Sky also add a number to the screen to help inspectors or to shut down streaming
I believe this is mostly to stop streaming.
For years and years, Sky have had issues with people buying multiple subscriptions to their sports packages, connecting the receivers to a bunch of servers, and then reselling access on commercial streaming sites!
The big difficulty they've then had is identifying who's behind the streaming site, and at the least, shutting down their stream.
The fun part is that - judging by the number of sites that remained in operation for a good chunk of time - it does appear possible to operate an essentially anonymous business on the internet.
I wonder how this is supposed to help Sky identify who the source is — it's a satellite broadcast, so they presumably can't overlay a different number on the screen for different subscribers?
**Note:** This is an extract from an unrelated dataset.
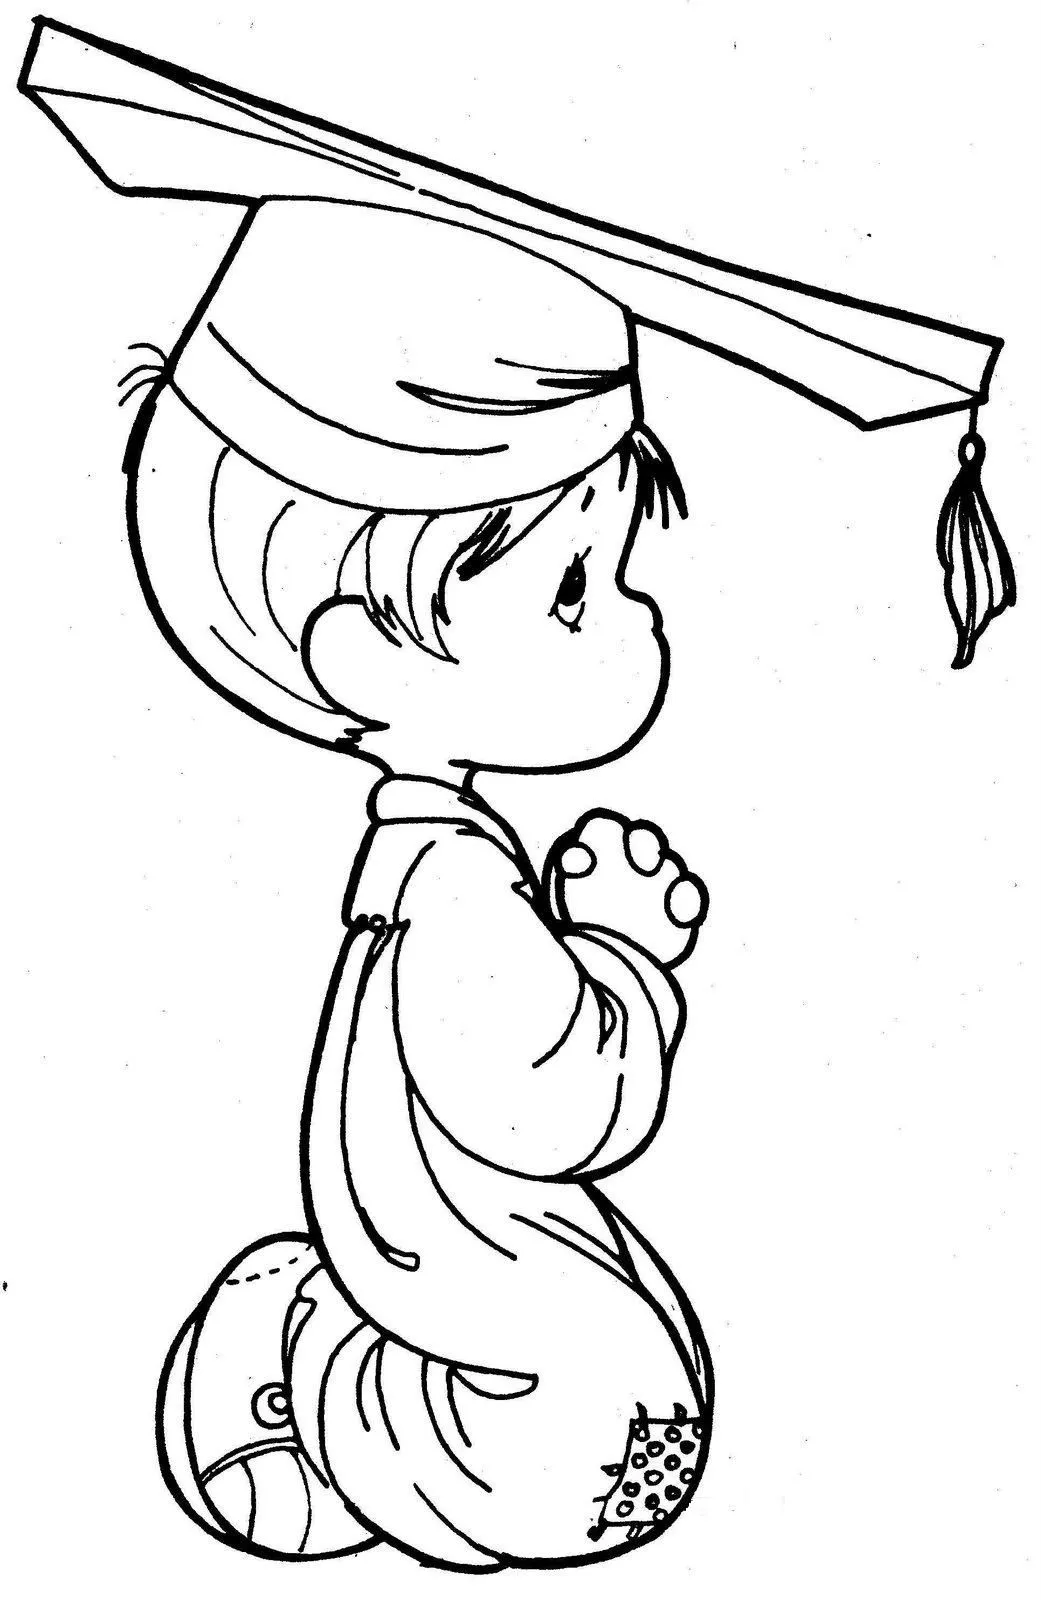 Dibujos de Precious moments de graduación - Imagui | Ocasion ...

The number isn't in the broadcast signal, it's overlaid by the decoding box. It's going to be a number tied to the unique viewing card number (which is tied uniquely to a subscriber).
That's what I would have thought but would mean the Sky rep in the link is flat-out lying. As mentioned below, it could help isolate groups of subscriptions and allow progressively tracking down individuals. He only claims that it's not tied to an individual subscription.
I wonder how easily the firmware can be downgraded (or downgraded) to remove that behaviour. Though as noted in the sibling thread, it's more likely easier to crop the video output.
Distinctly non-trivial. The receiver software is cryptographically signed and is heavily integrated with the conditional access system securing the underlying broadcast.
I'm only aware of one time that a legitimate box was encouraged to run a lightly-patched version of the software, and that involved a JTAG-type attack on a specific model of set top box. I believe that lesson has been learned in current models.
In Germany, almost no one uses Sky, and those who do, almost completely run patched boxes. It’s even easy to use one single subscription on thousands of boxes at the same time.
It'd probably be much easier to just blur the area of the image where they put it to be honest, I've seen this on streams before, they just blur the bottom corner where the number would show up.
Although the position of the number is (obviously) under the control of the platform operator, so could appear anywhere, for any amount of time, if they were so minded.
I wouldn't like to bet against the number appearing right in the centre of the screen for a fraction of a second, if there were any particularly high-value programming being illegally streamed.
That was actually my first thought when I saw the screenshot with the numbers near the top of the screen. Slice that part off, stream the rest.
A similar thing shows up on YouTube a lot, actually. People heavily crop uploads of copyrighted material to get around their content identification stuff.
I wonder if they also use something like Digimarc for a non-visible watermark? They could publicly credit the visible watermark as a distraction from the real technique.
That's exactly how it works. The numbers are hashed by the receiver and uniquely identify that particular viewing card, then displayed in a position selected by the channel operator, when triggered at a time of their choosing.
If one were so inclined, I imagine it could be done with dedicated hardware specifically made for generating the overlay. May not be worth the cost though.
The smart card has nothing like the power required to process video - but it doesn't need to. The Sky receivers are fortified sufficiently to make changing the firmware a distinctly non-trivial operation.